There is an important connection between the alarming number of people and, mostly women, who experience pelvic disorders ranging from issues with reproductive organs and the pelvic structure itself (especially, but not limited to, hip joint malfunction and S.I. dysfunction).
The pelvic structure needs to be both stable and flexible in women and men – but especially so in women given that their pelvic structures are shallower and broader than mens. Add to this the fact that throughout a women’s life, hormone fluctuations create an increase in a particular hormone called Relaxin that makes the connective tissues around women’s joints much looser than normal. When connective tissues around joints are compromised, when they are weakened or over-stretched, the muscles that surround that joint and that connect with those tissues need to be even stronger to provide the compromised stability. Unfortunately, in the case of the average woman, the muscles around the pelvis, over the course of a lifetime, tend to get weaker, especially in the culture that we live in today which is, by and large, quite sedentary. An additional challenge is the Western acceptance of yoga and the exaggerated focus on increasing flexibility and range of motion. This is helpful for men (whose pelvic structures and joints in general tend to be tighter) but only serves to make women less physically stable.
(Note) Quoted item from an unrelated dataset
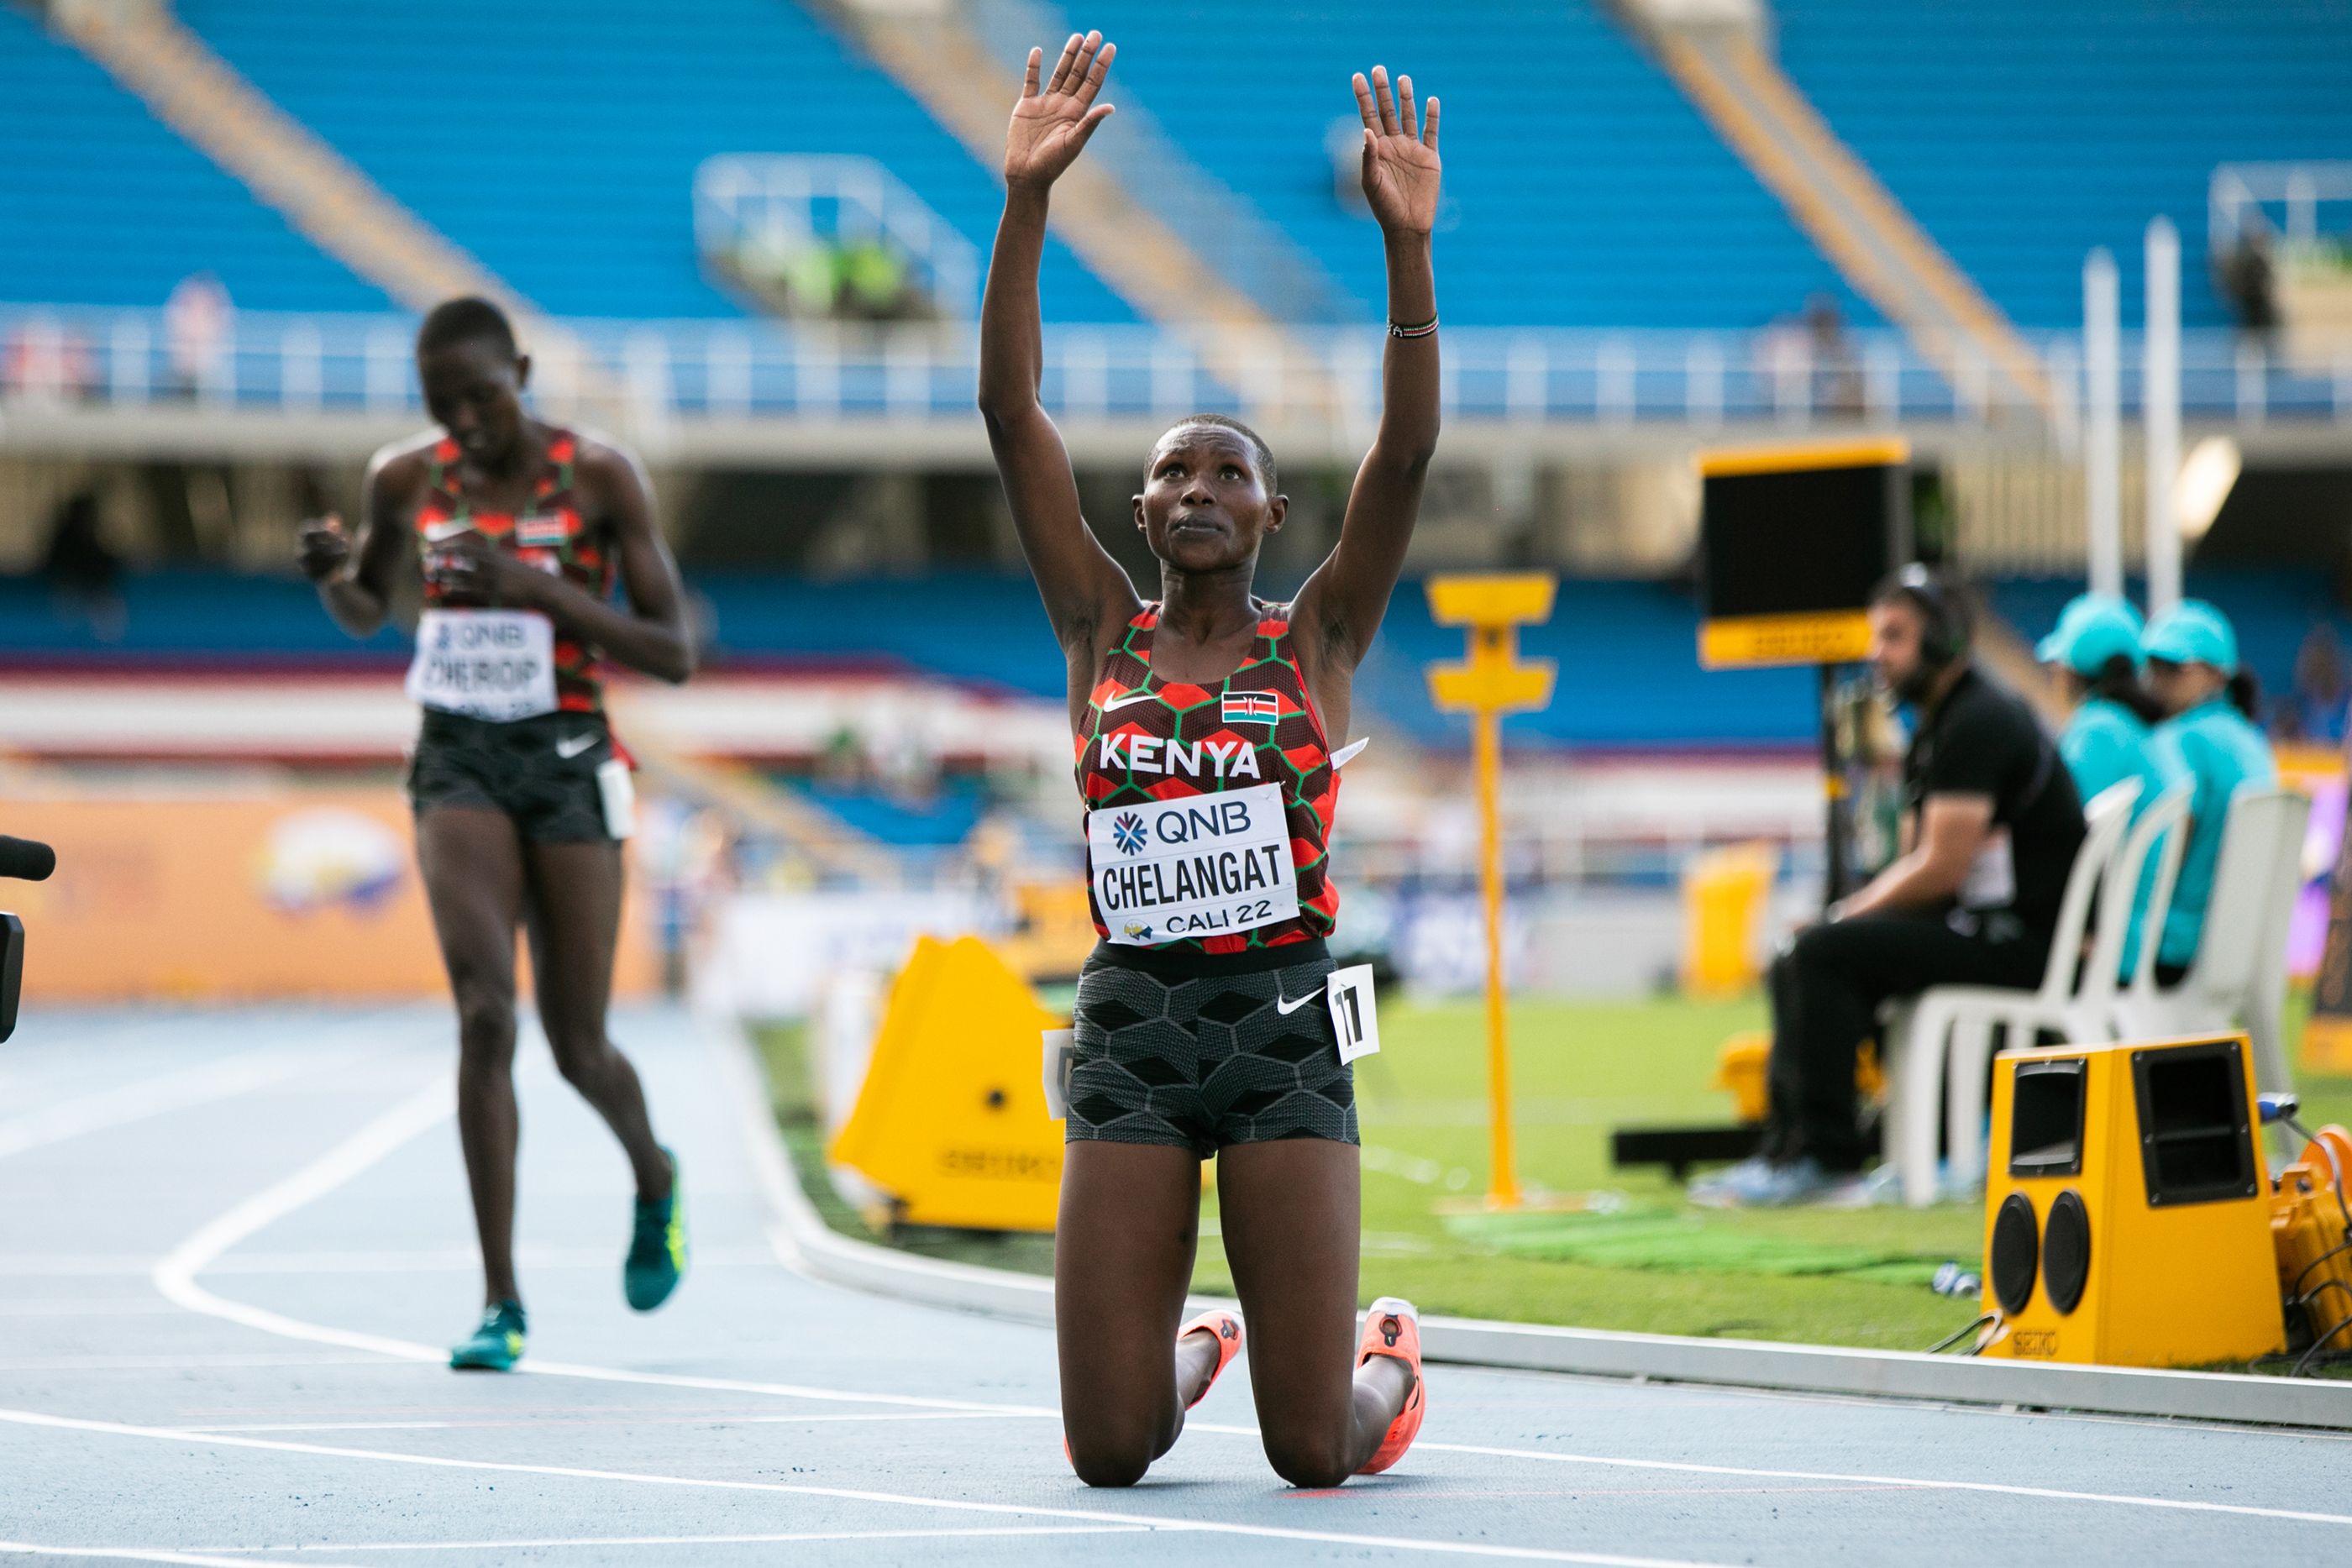 Kenya's Betty Chelangat celebrates her 3000m win at the World Athletics U20 Championships Cali 22

Part of this weakening can be attributed to life-style choices and, for some women, life-style expectations and demands. Birthing multiple babies creates a repeated physical trauma for the pelvis and a consistent and constant loosening of the stabilizing connective tissues such that, if a woman even had the spare time to engage in physical activities that target the strengthening of the pelvis (and what new mom or mother of multiple young children has such time?) those muscles would have to be developed to an incredible extent to counteract the periodic instability.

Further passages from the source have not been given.